I let him vent. If he’s come here for advice, I don’t know what to tell him, what to say. The only thing I can offer is a sympathetic ear. “What’s the rest of your team say?”

“Like Iverson?” he asks snidely.

I carefully set my spoon by my bowl and remind myself that Ace is like a wolf with his foot in a trap—hurt and angry. “Like Iverson. Like Jack. Like Ahmed. Like all of them, Ace. You’re a team. It’s not golf. You can’t go off on your own, score a bunch of points, and then be hailed as a winner. You have to play with twenty-one other people in order to prevail.”

“Whose side are you on?” His hands fist on the table. He’s not hearing anything I’m saying.

“Yours, of course.”

“Really?” He stares at me as if he somehow can divine all the dirty thoughts I have about Matty in my head. He leans forward, and there’s a look, an expression, that I don’t like.

“Ace—” I say warningly.

He ignores me. The angry part of the wounded animal is taking over. “I’m sure that you think you’re qualified to give me advice about sacrifice and the greater good because you’re too piss-ass scared to step outside your careful little box you’ve constructed for yourself, but I want something bigger for myself.”

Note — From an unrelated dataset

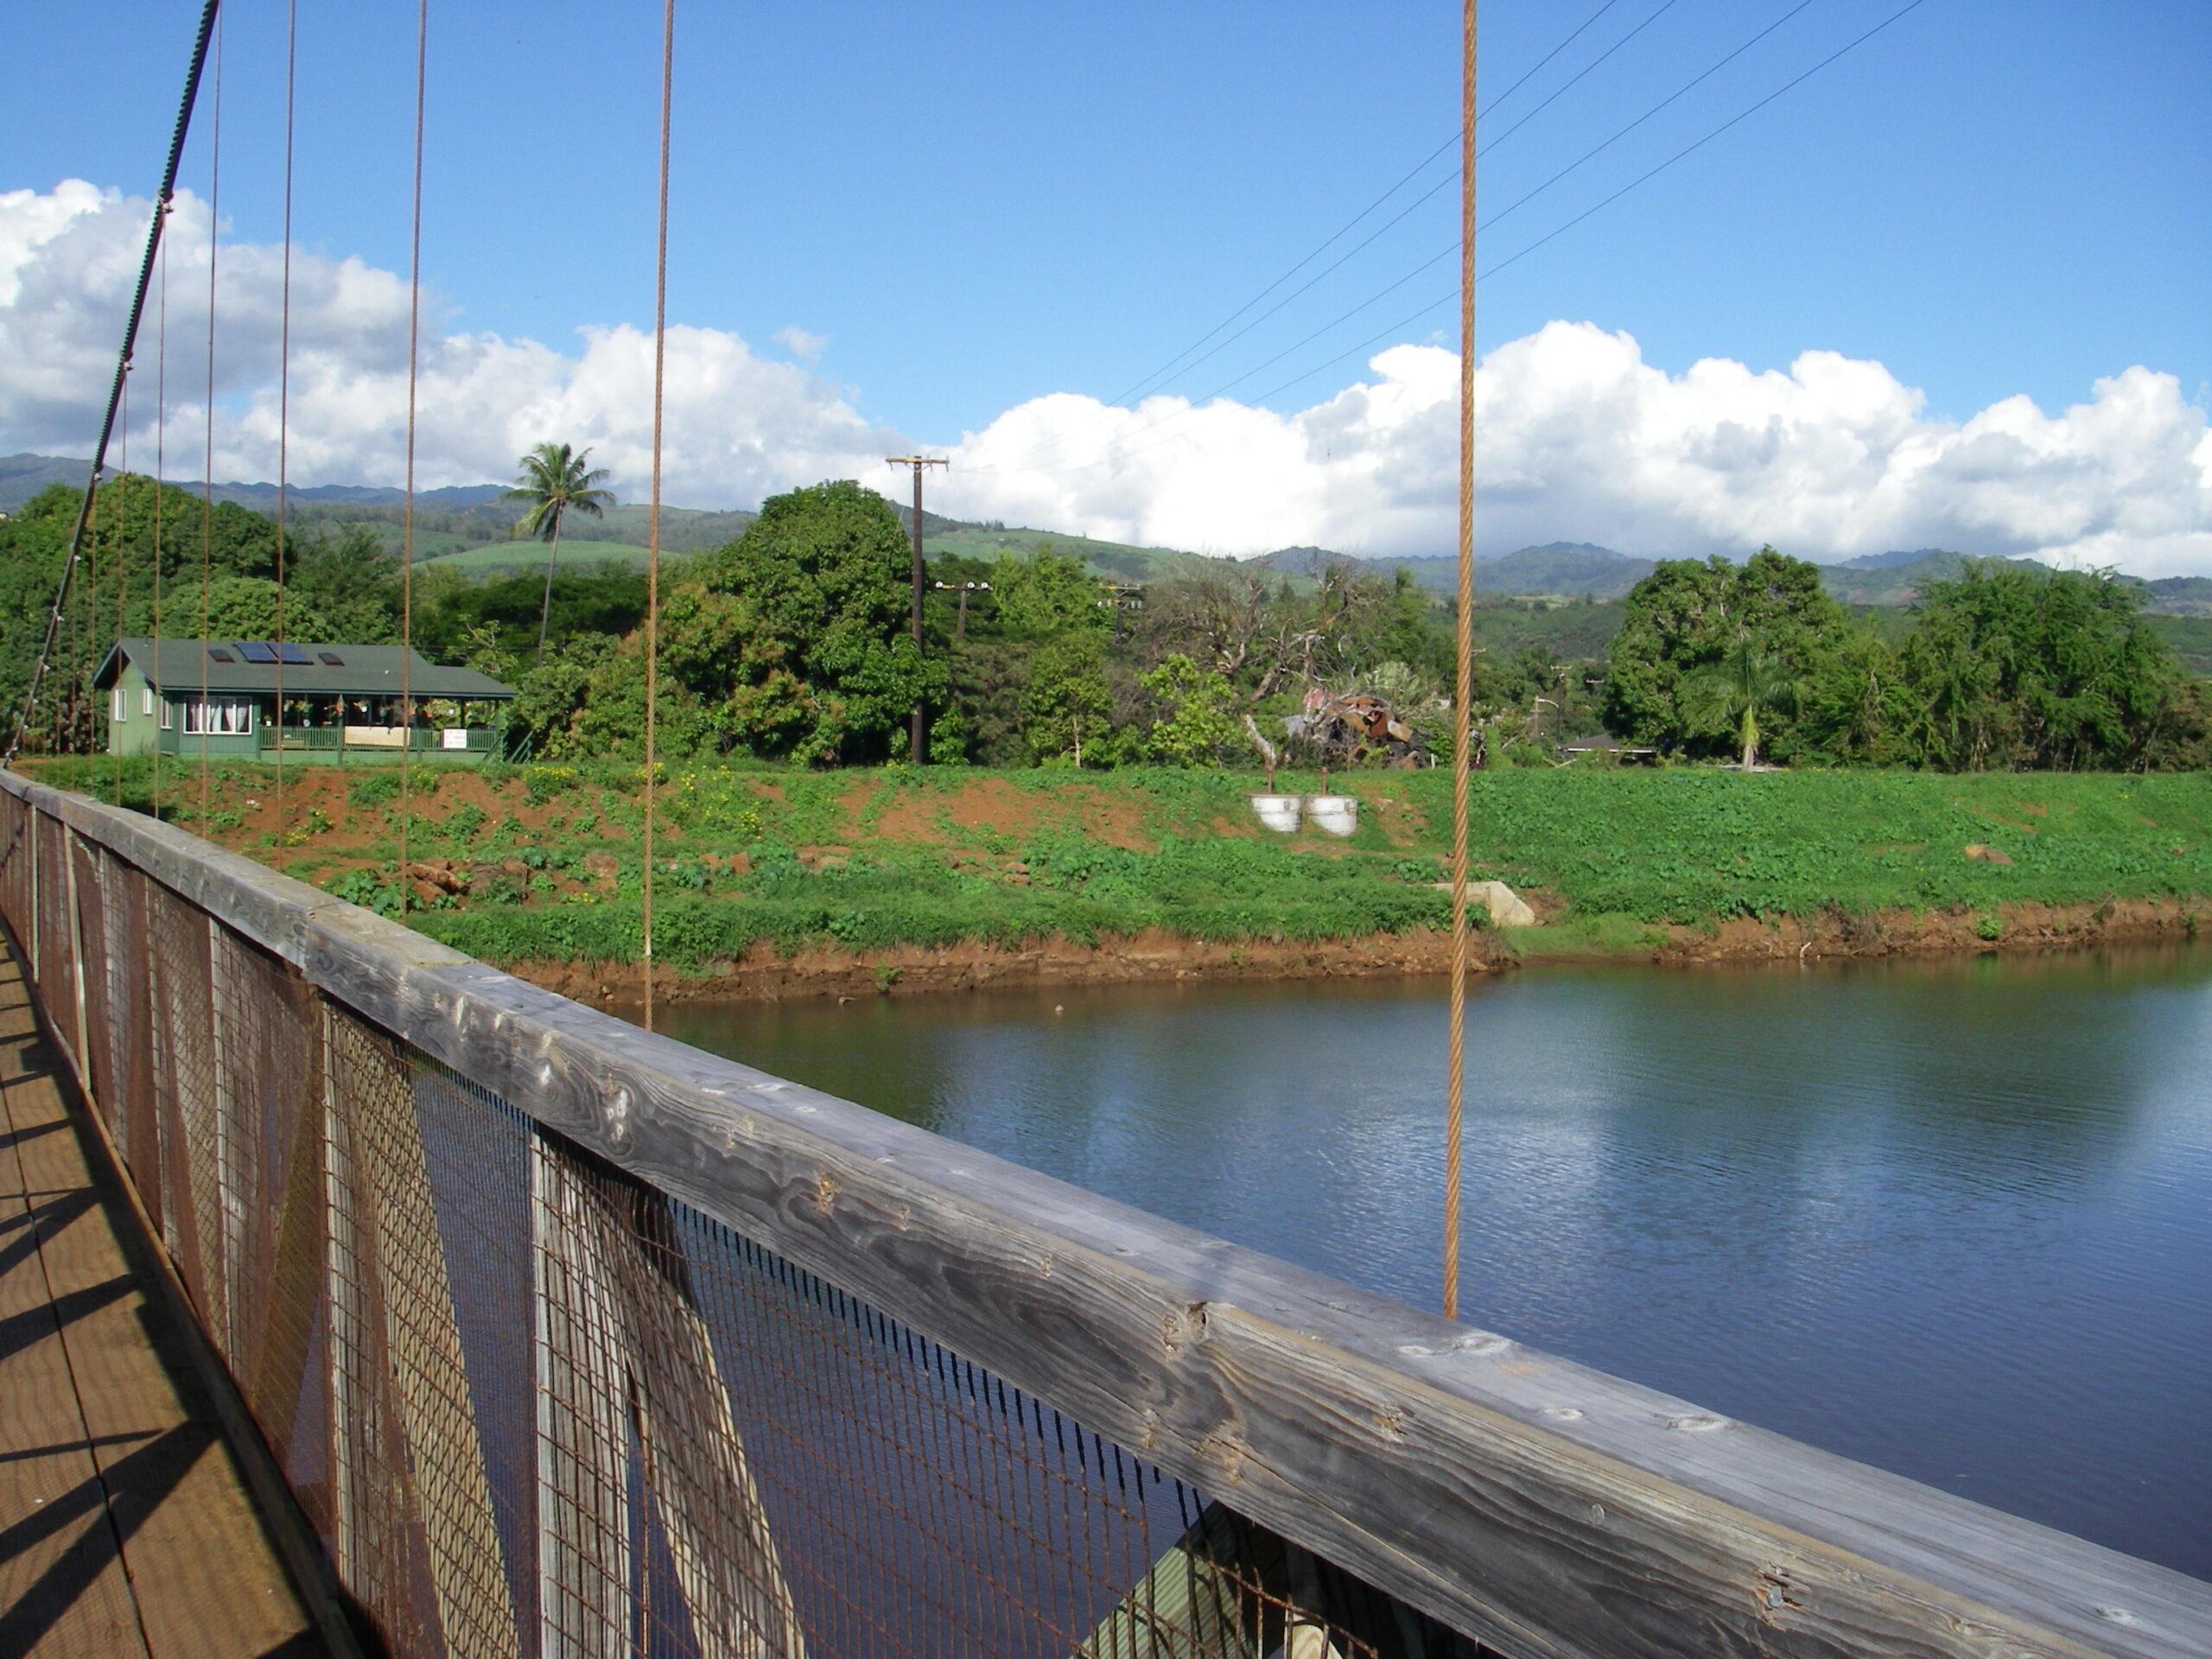 Swinging bridge in Hanapepe Kauai

I strive for calm. Ace is lashing out, saying something he’ll regret and apologize for tomorrow. This is nothing.

“I know you’re hurting, JR, but—”

“Fuck.” He rises from the table so fast the chair tips over and soup splashes over the rims of the bowls. “I don’t know why I came here. You don’t understand. You’ll never understand.”

He slams the door so hard my jacket falls off the hook.

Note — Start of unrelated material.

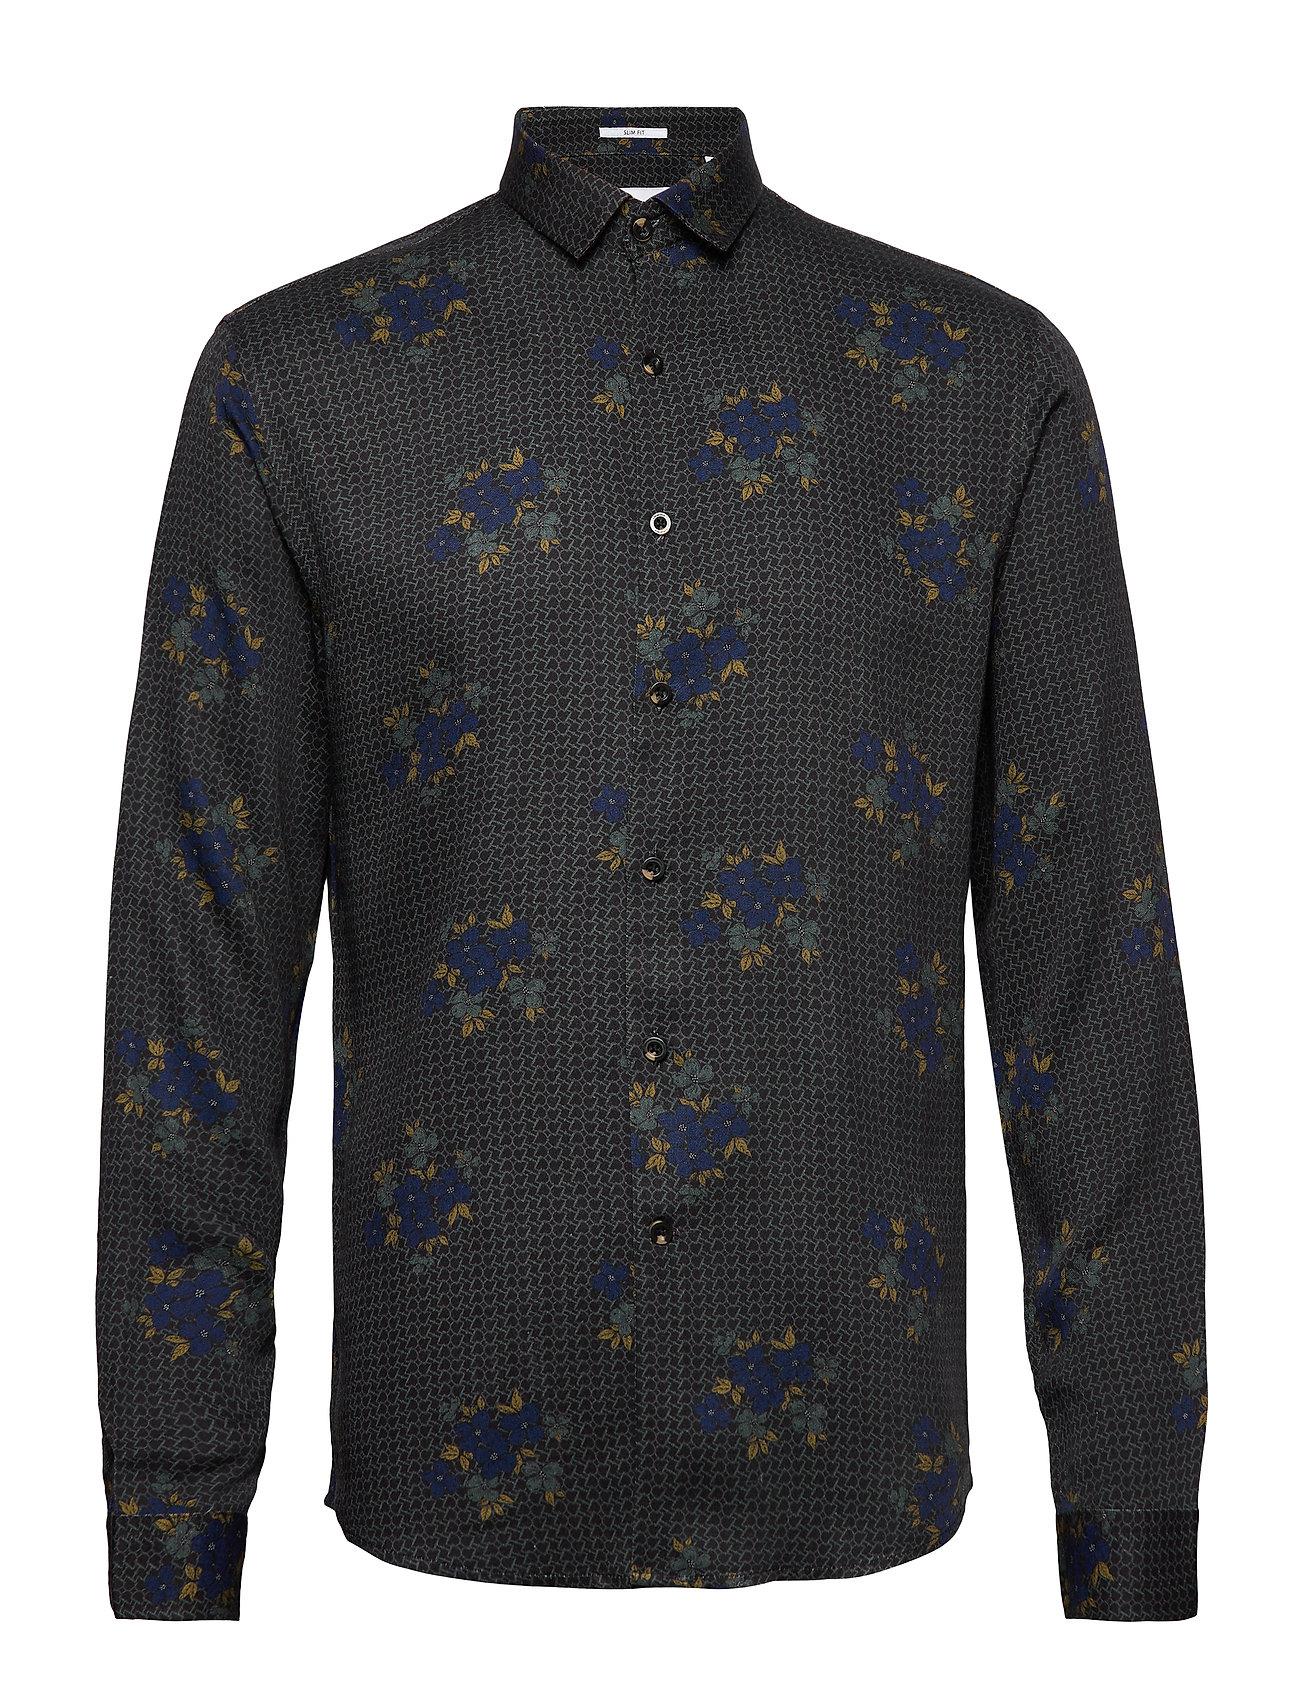 Lindbergh Floral viscose print shirt L/S - BROWN

Sutton pokes her head out as soon as the apartment door slams shut.

“What was that all about?”

“Ace is having a difficult time,” I hedge. At the sink, I grab a sponge and start mopping up the mess. “He and the coach are having a disagreement.”

“Didn’t Ace just win them a championship?” Sutton pitches in without asking. I throw her a grateful look as she holds up the bowls so I can clean underneath them.

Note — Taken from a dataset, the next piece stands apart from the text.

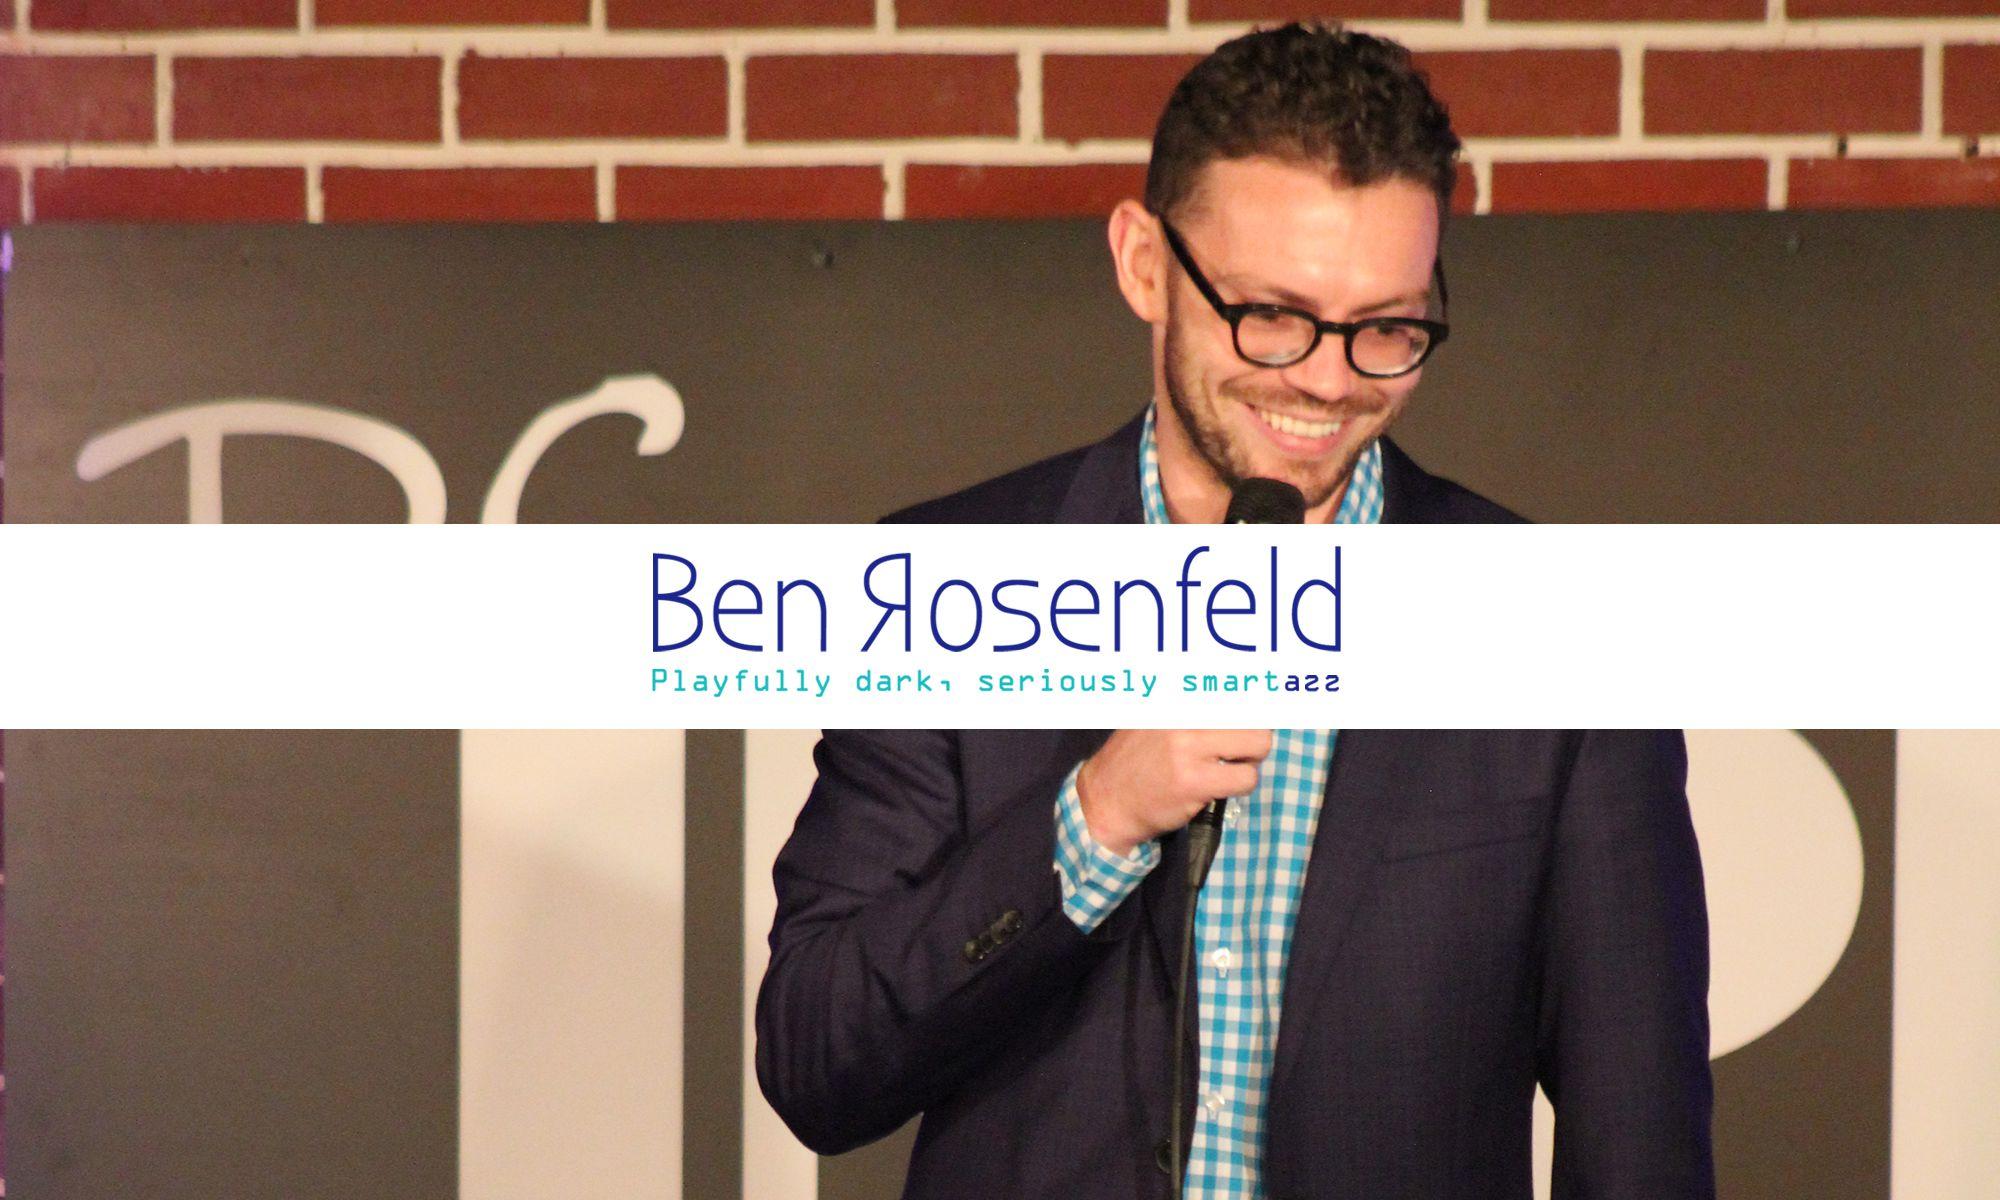 Ben Rosenfeld - Comedian

“That’s what I said, but I guess the coach is thinking about a new direction. Already. And Ace isn’t taking it well.”

“I bet he’s mad about the Matty Iverson thing, too.”

“I didn’t even get into that,” I admit. “Ace was too angry, and he stomped out of here before I could even bring it up.”

“I don’t know why you put up with him,” Sutton mutters.

“Right now? I don’t either.” My friendship with Ace started so long ago I can barely remember a time that he wasn’t part of my life, but even childhood bonds can get so strained that they break.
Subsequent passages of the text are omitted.